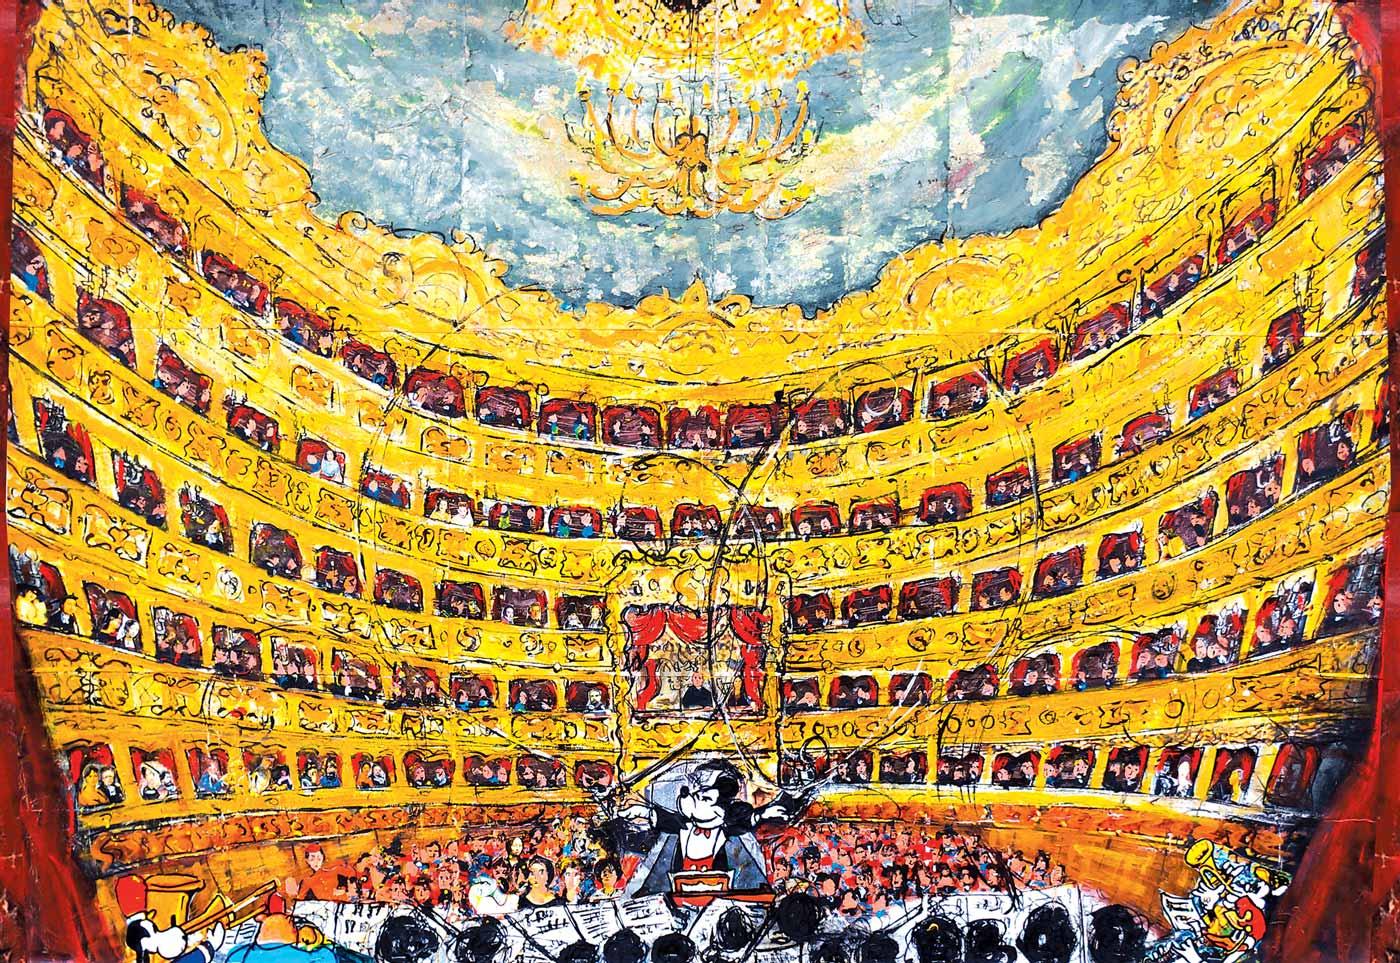 Paolo Franzoso - Fantasia all'opera
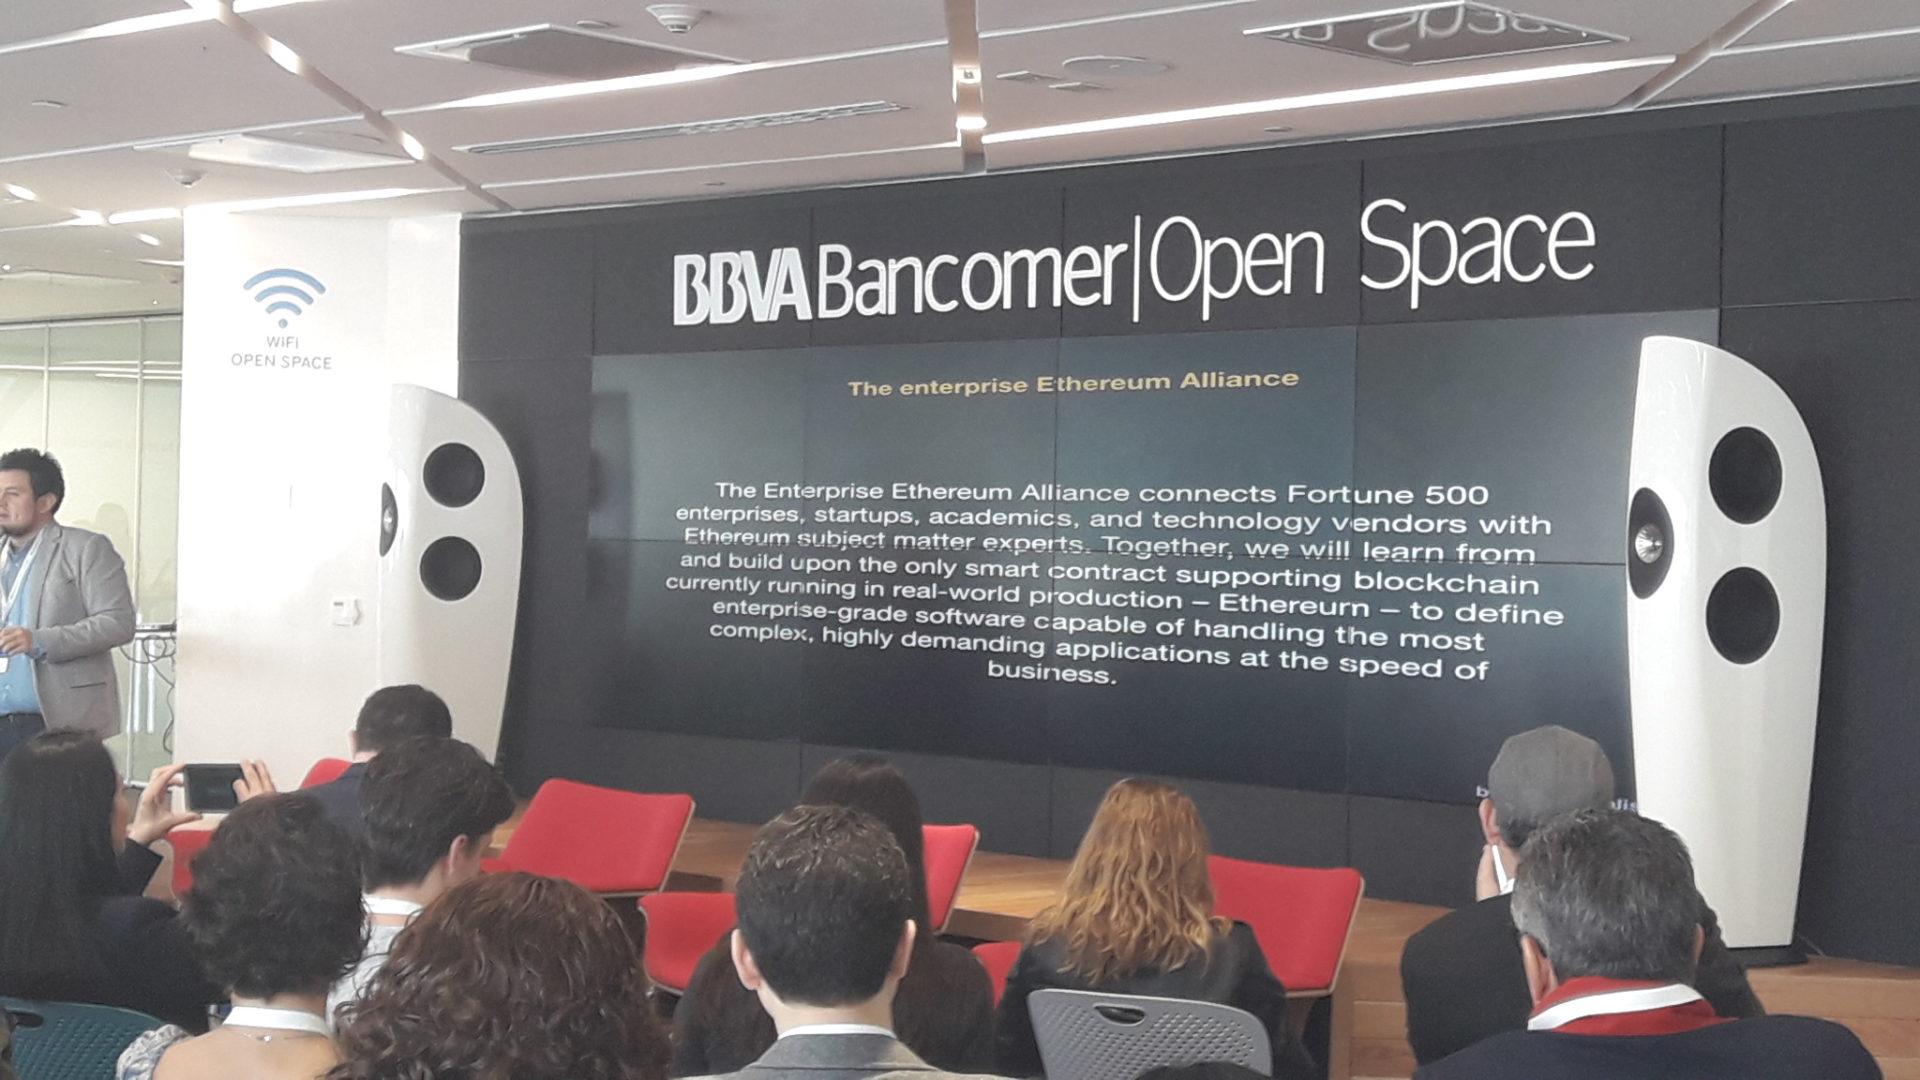 Exposición en BBVA Bancomer | Open Space durante la sesión de Open Talks
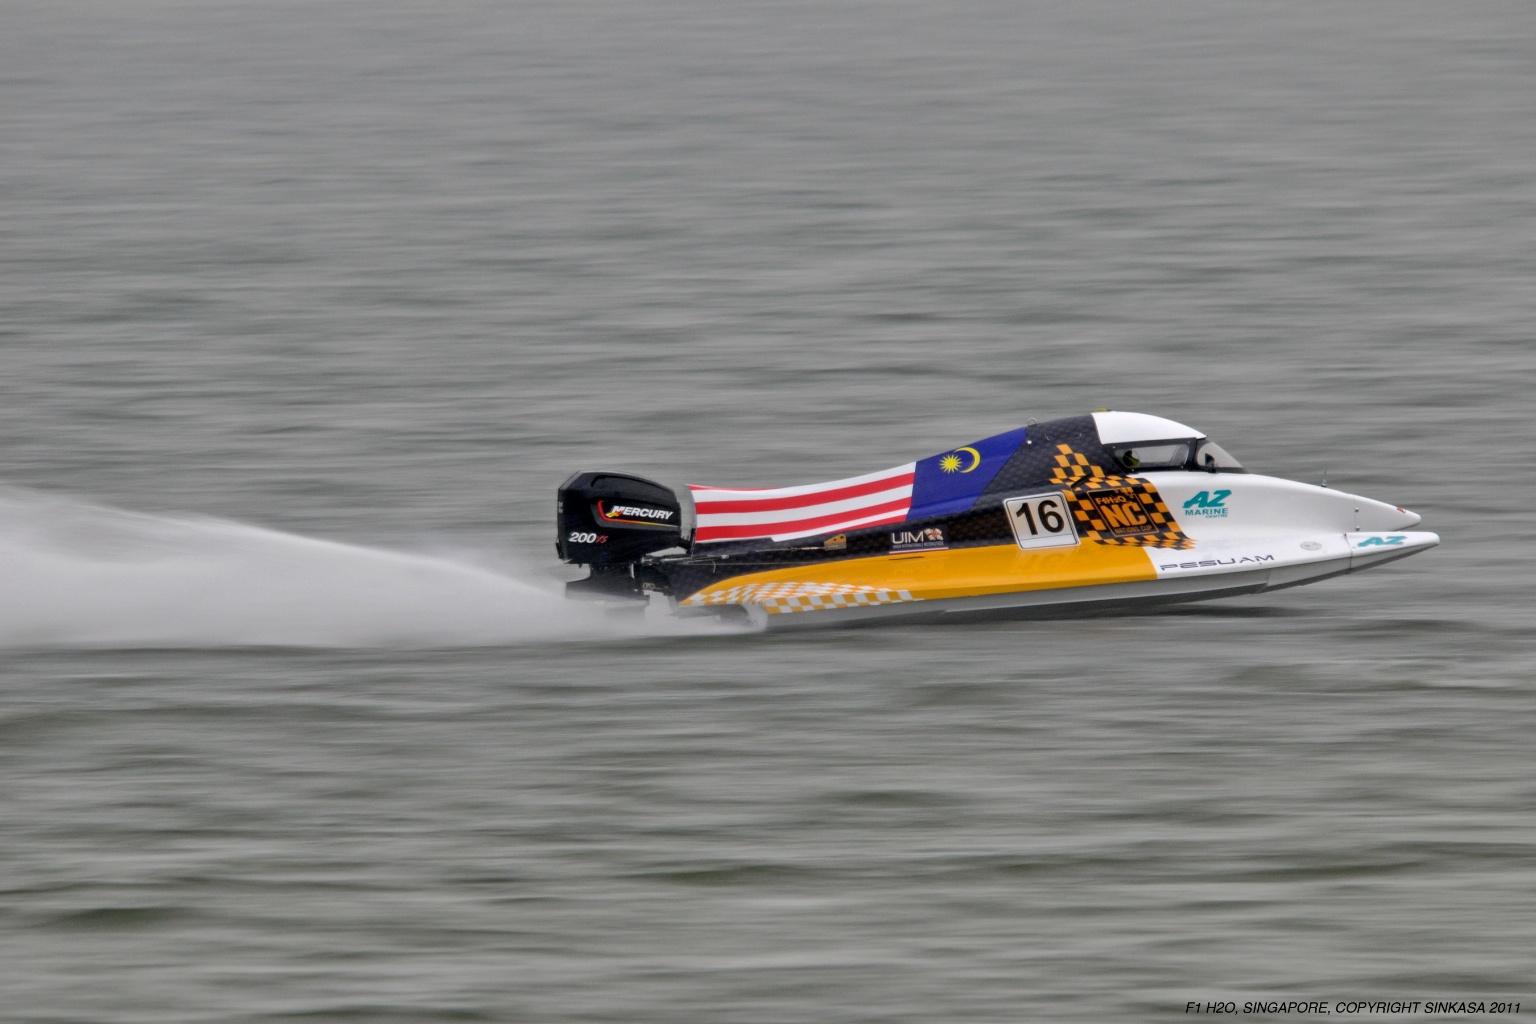 Through The Lens Of Sinkasa F1 H2o Powerboat Racing
-*-
**PROBLEM DESCRIPTION**
Copy the material verbatim. The pictures are not part of the copy.

**SOLUTION FOR THIS TASK**
 Paolo Franzoso - Fantasia all'opera
 Exposición en BBVA Bancomer | Open Space durante la sesión de Open Talks
 Through The Lens Of Sinkasa F1 H2o Powerboat Racing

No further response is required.